Ahead on Workplace Issues

However, he said: "Most companies are still trying to look the other way, taking a deep breath with the hope that AIDS won't touch them. The insurance companies, ironically, already know better. While I disagree with their policies on insurance, they have been ahead of most other segments of the business community on workplace issues."

Most insurance companies have sought to use the test for AIDS infection to determine coverage for individual health policies, which has met with strong opposition from homosexual rights and other organizations.

The coalition's survey, co-sponsored by Fortune magazine, questioned top officials from 623 U. S. companies and found that executives ranked AIDS third among the largest problems facing the country today, after the federal deficit and drug abuse.

Other Findings by Survey

The study also found that:

--Larger companies tend to have more supportive policies than smaller companies.

--Companies in the service sector are more supportive than companies in the industrial sector, "undoubtedly because of their already greater experience with employees with AIDS."

--Fifty percent of the companies said they believe that an image problem would result if the public were to find out that somebody in the company had AIDS.

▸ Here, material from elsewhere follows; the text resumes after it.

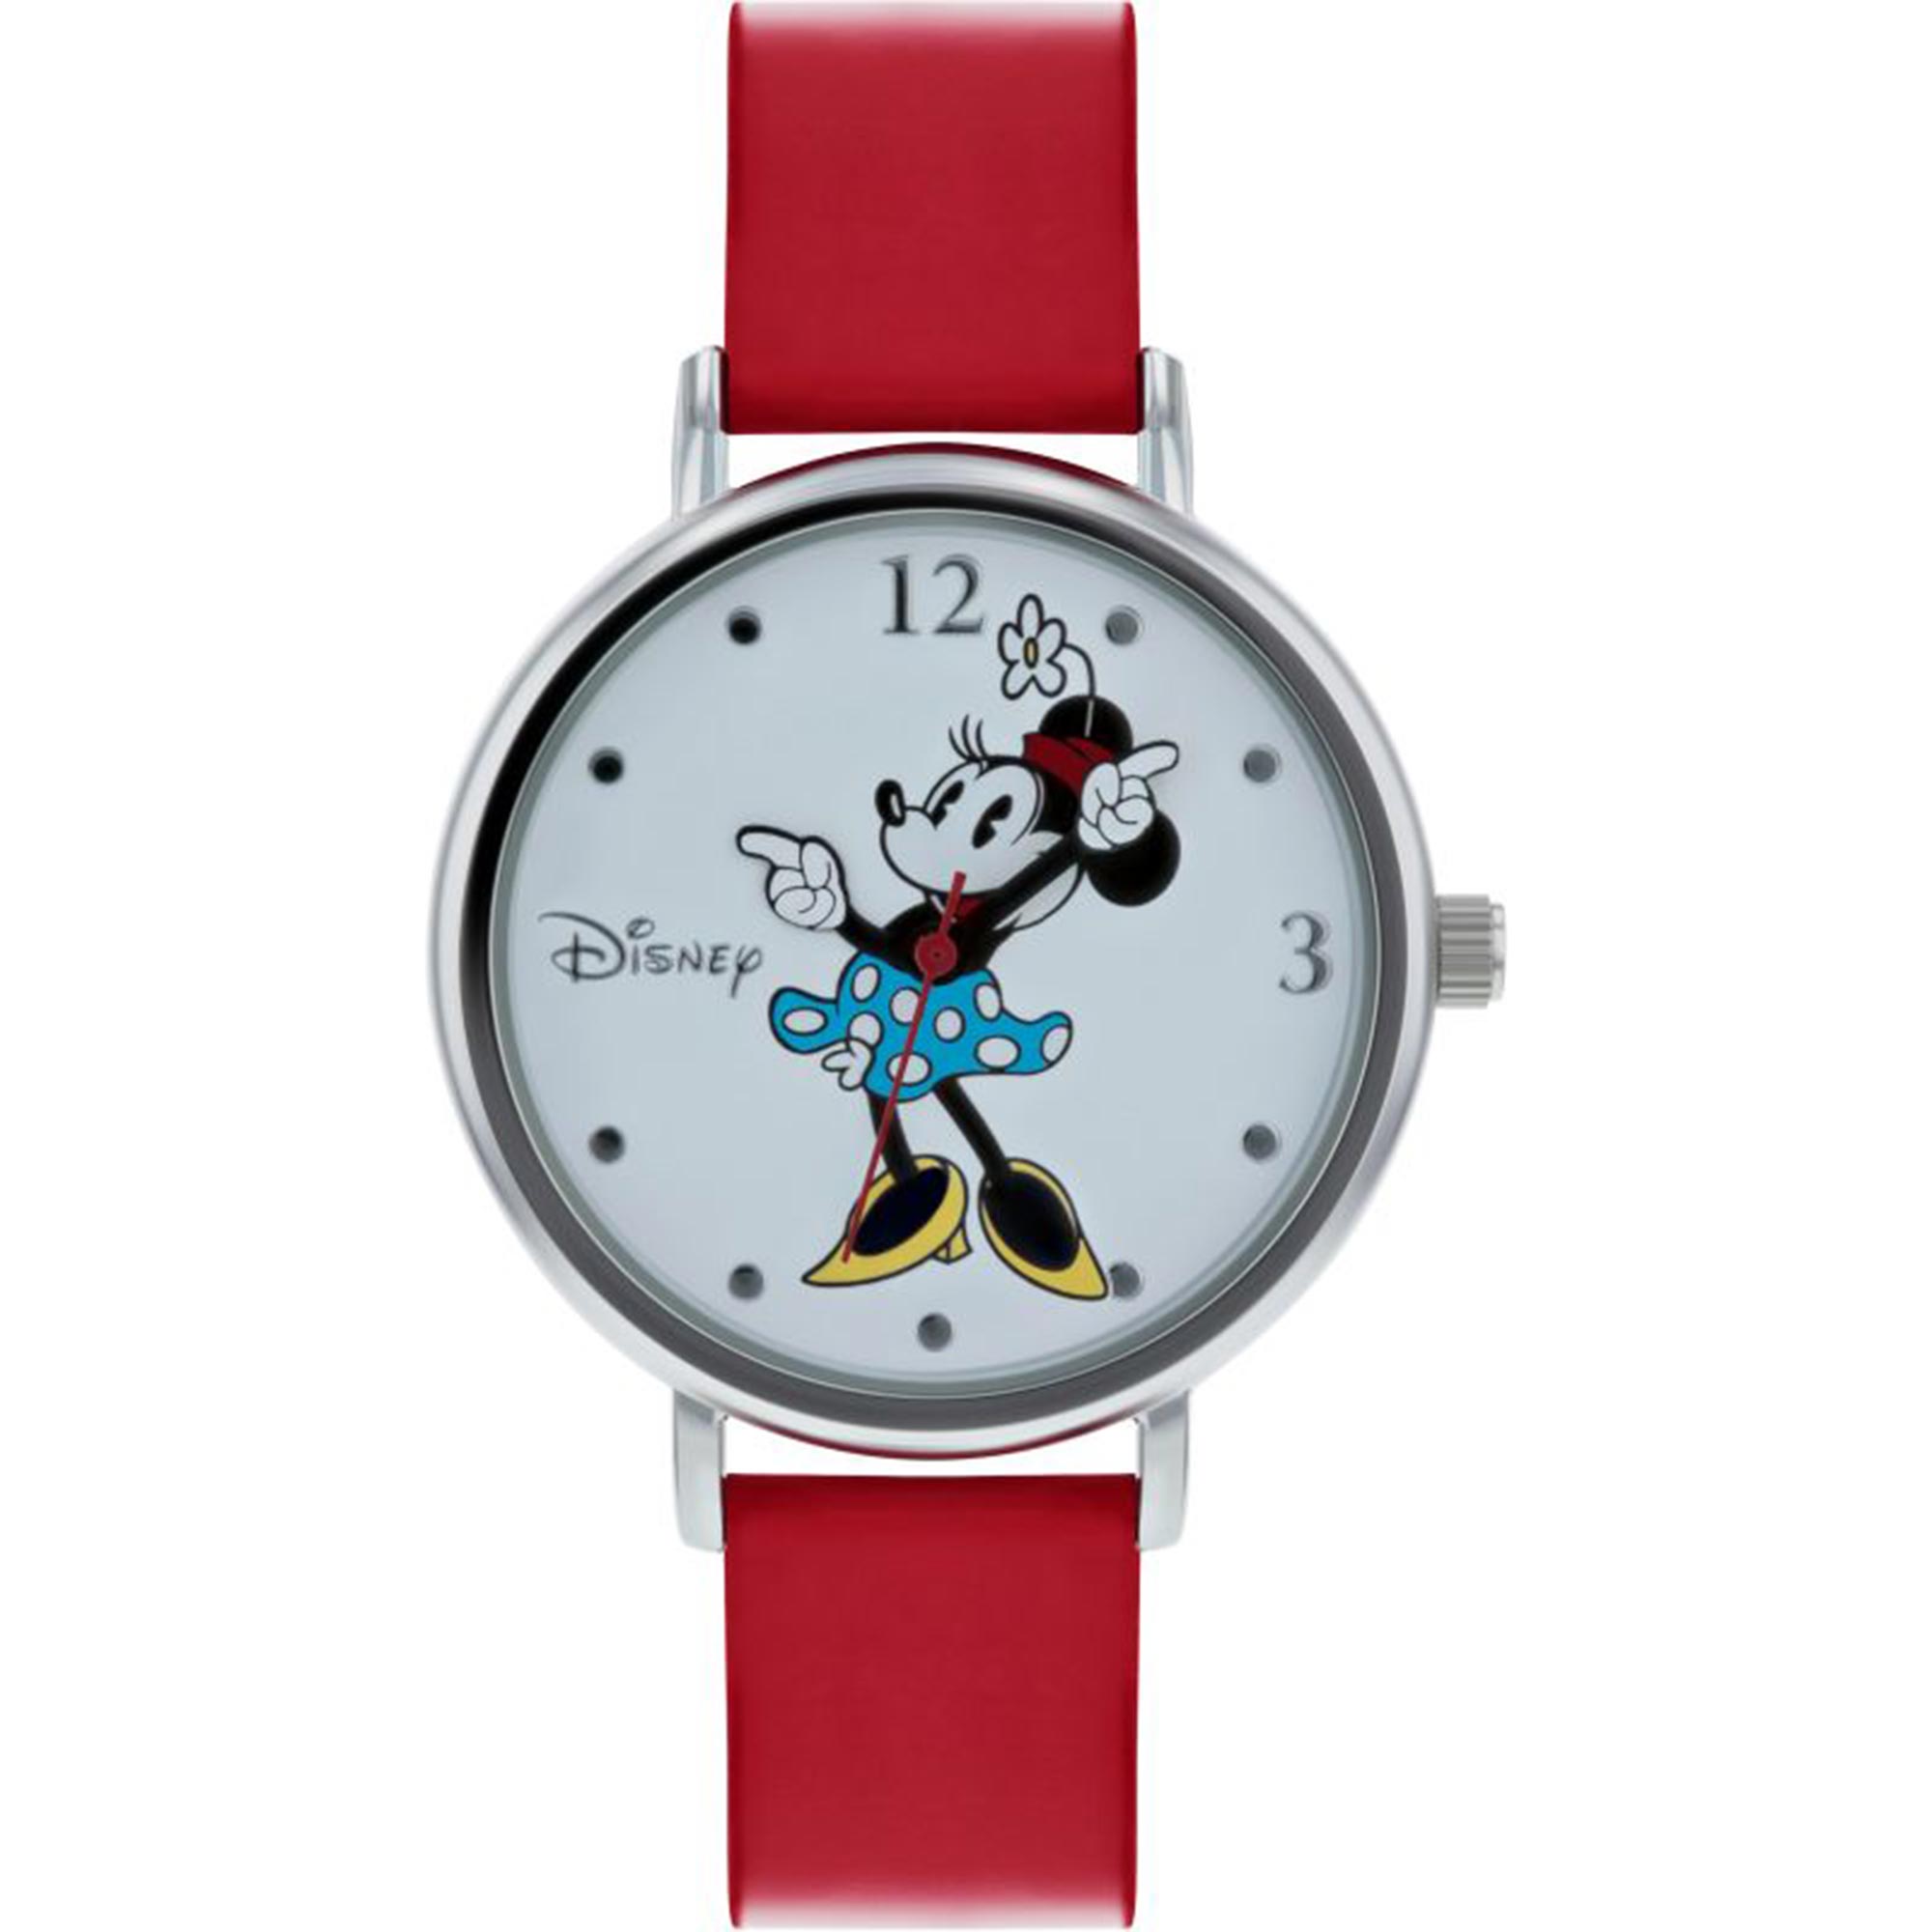 Disney Minnie Mouse Quartz Silver Dial Red Leather Strap Girls Watch Mn1302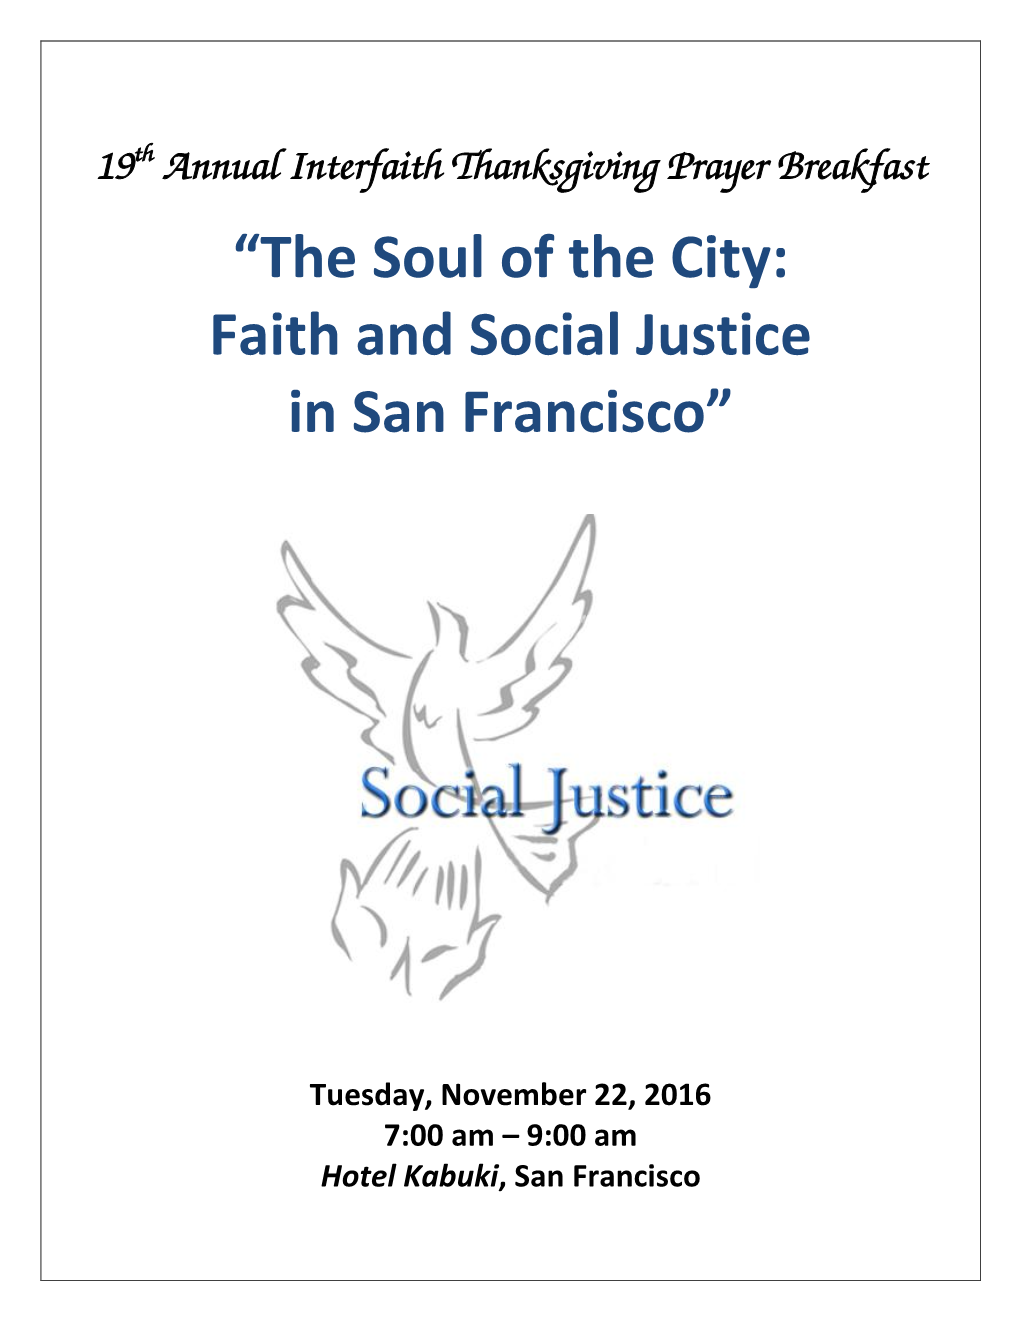 “The Soul of the City: Faith and Social Justice in San Francisco”

--Eighty-four percent said they would require employees to contribute more to the cost of company medical insurance programs if the cost of premiums rose significantly as a result of AIDS.

--A prospective employee's chances for employment would be "uncertain" if he or she were found to be infected with the AIDS virus.

--Fifty-seven percent of the companies surveyed said that if a co-worker refused to work alongside an employee with AIDS, they would try to change the co-worker's mind.

Vulnerable to Infections

AIDS, or acquired immune deficiency syndrome, is caused by a virus that destroys the individual's immune system, making that person vulnerable to otherwise rare infections. It is spread through sexual intercourse, through the sharing of contaminated hypodermic needles, and by mother to fetus during pregnancy.

In this country, it has primarily afflicted homosexual and bisexual males, intravenous drug abusers, and their sexual partners. More than 50,000 Americans have contracted AIDS, and more than half of them have died.